Before you run our scripts, make sure you're in the right K8S context. If you have the kubectl
CLI installed, you can run
kubectl config current-context
Your context is also available to view on Docker Desktop -> kubernetes -> contexts.
The Ray cluster requires its own cluster yaml. We used the cluster yaml emrdp.yaml
copied from another project. Note that emrdp.yaml
assumes your configs.yaml
is located under the dir root ./
.
See here for instructions on how to define the Ray
cluster yaml from scratch.
Start the Ray
cluster with
ray up emrdp.yaml --no-config-cache --yes
Run the data generation script [with a log file]
ray submit emrdp.yaml scripts/grid_data.py -c configs.yaml --path_log . --no-config-cache
To check the log file, first log into the cluster head node
ray attach ~/Workspace/emrdp/emrdp.yaml
You can ls -lh
to find the time-stamped name of the log file. For example, read the file with
(base) ray@emrdp-cluster-head-jvmbl:~$ cat grid_emrdp_data_2022-12-23_0347.log
Exit the cluster head node with
(base) ray@emrdp-cluster-head-jvmbl:~$ exit
Run the EMRDP algorithm script [without a log file]

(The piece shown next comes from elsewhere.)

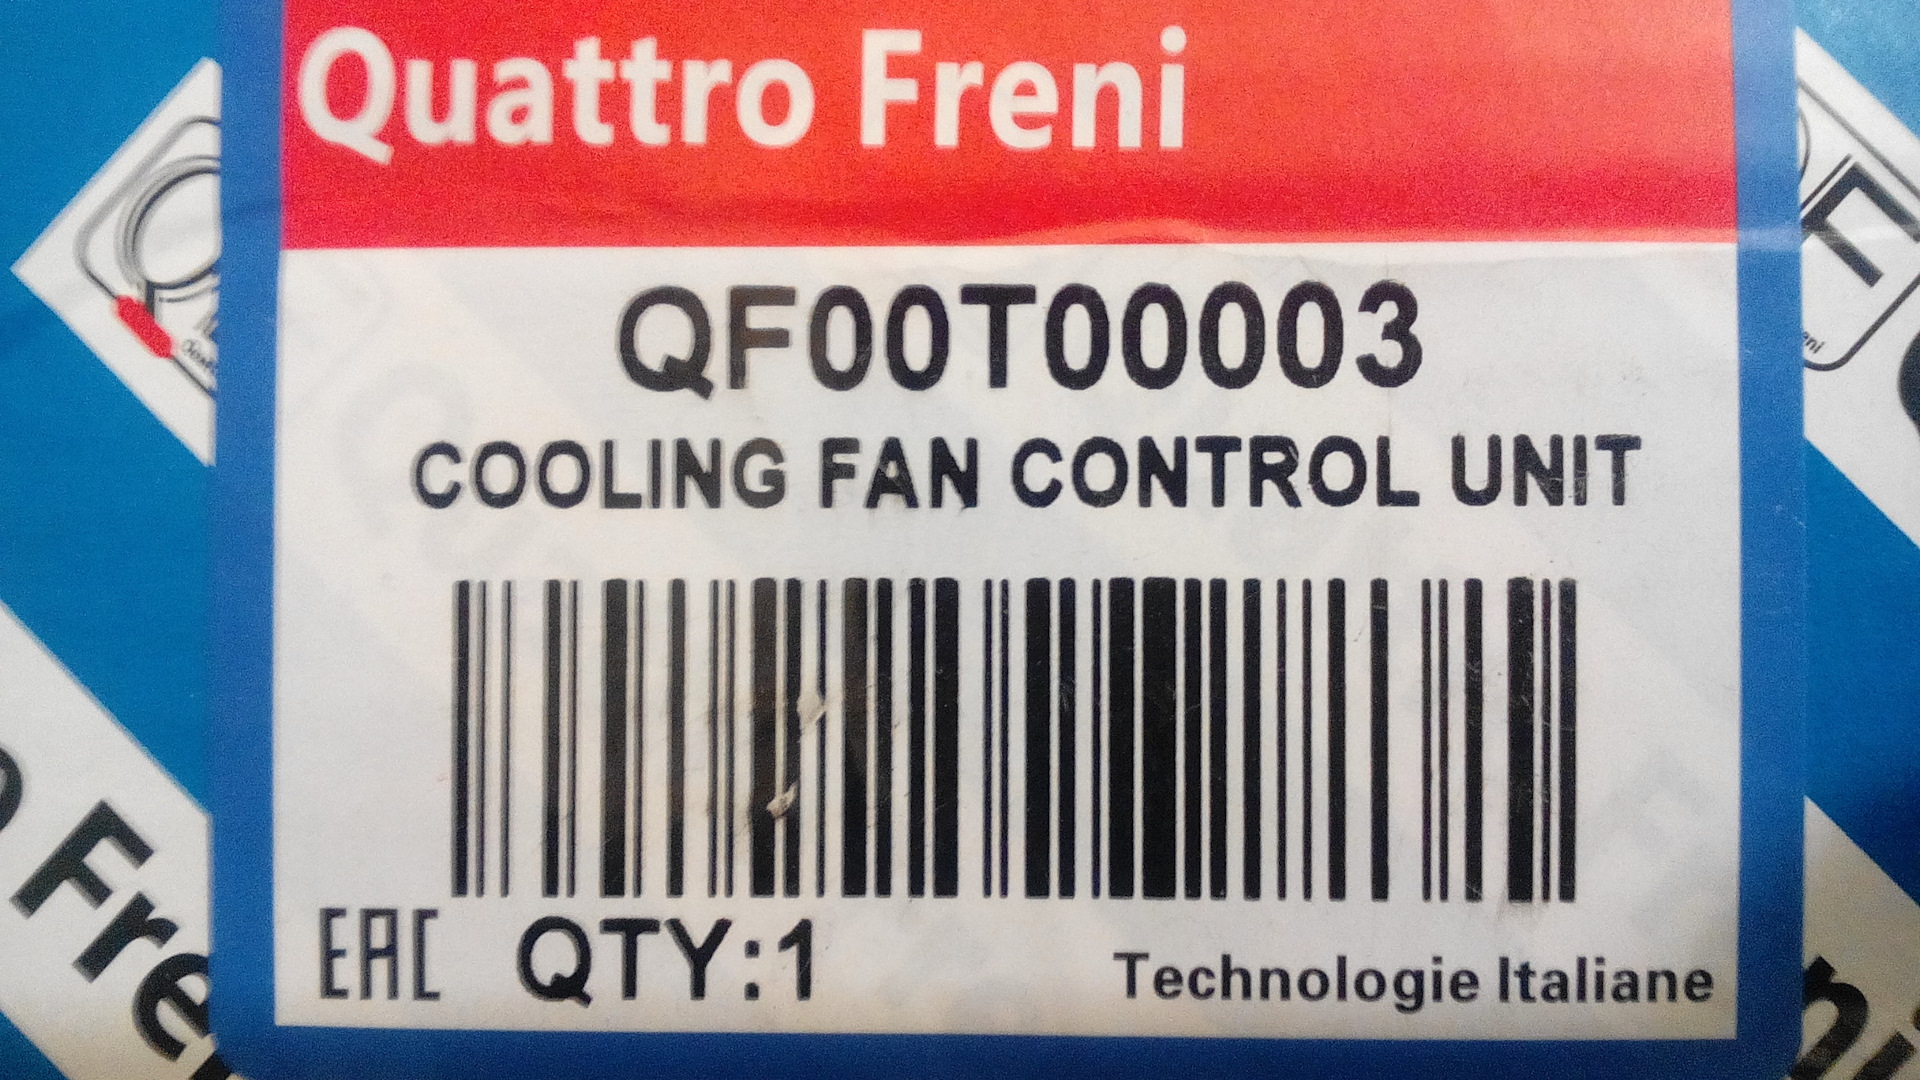 Freni страна производитель. Qf41m00001. Quattro freni qf00t01374 клапан системы отопления отзывы.
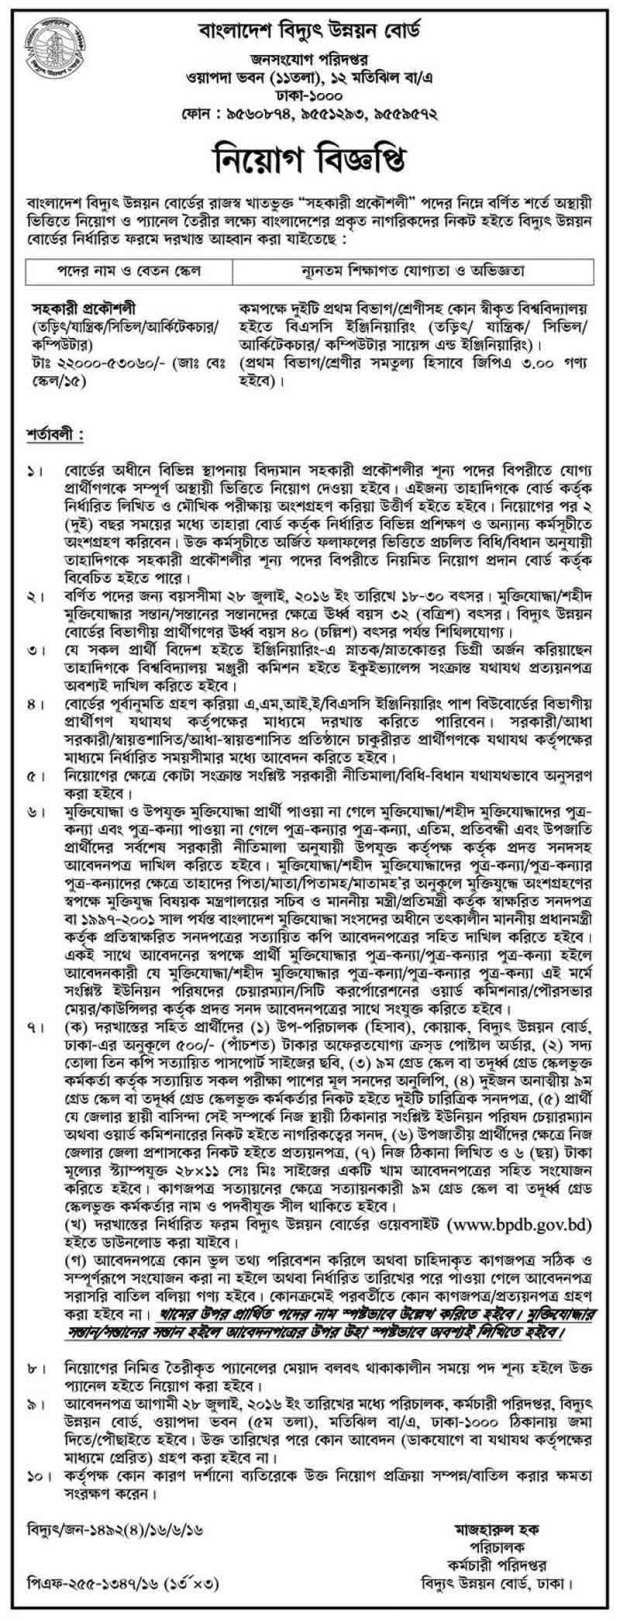 Bangladesh Power Development Board Job

ray submit emrdp.yaml scripts/grid_emrdp.py -c configs.yaml --no-config-cache
To update the Ray cluster yaml after a emrdp.yaml
change
ray up emrdp.yaml --no-config-cache --yes
To shutdown the Ray cluster
ray down -y emrdp.yaml
To monitor Ray cluster autoscaling
ray exec emrdp.yaml 'tail -n 100 -f /tmp/ray/session_latest/logs/monitor*'
To connect to a terminal on the Ray cluster head node
ray attach emrdp.yaml
Then exit the head node with
exit
See here for OpenShift-specific instructions on how to view the Ray
dashboard.
--> On ray up
you get ModuleNotFoundError related to ray
.
pip install -U "ray[default,serve,k8s]"==1.13.0
--> When running grid_emrdp.py
, you get alerts: Received a GOAWAY with error code ENHANCE_YOUR_CALM and debug data equal to "too_many_pings".
Follow this Ray
core issue.
--> SSH still not available
Too many CPU / memory resources were requested as max values.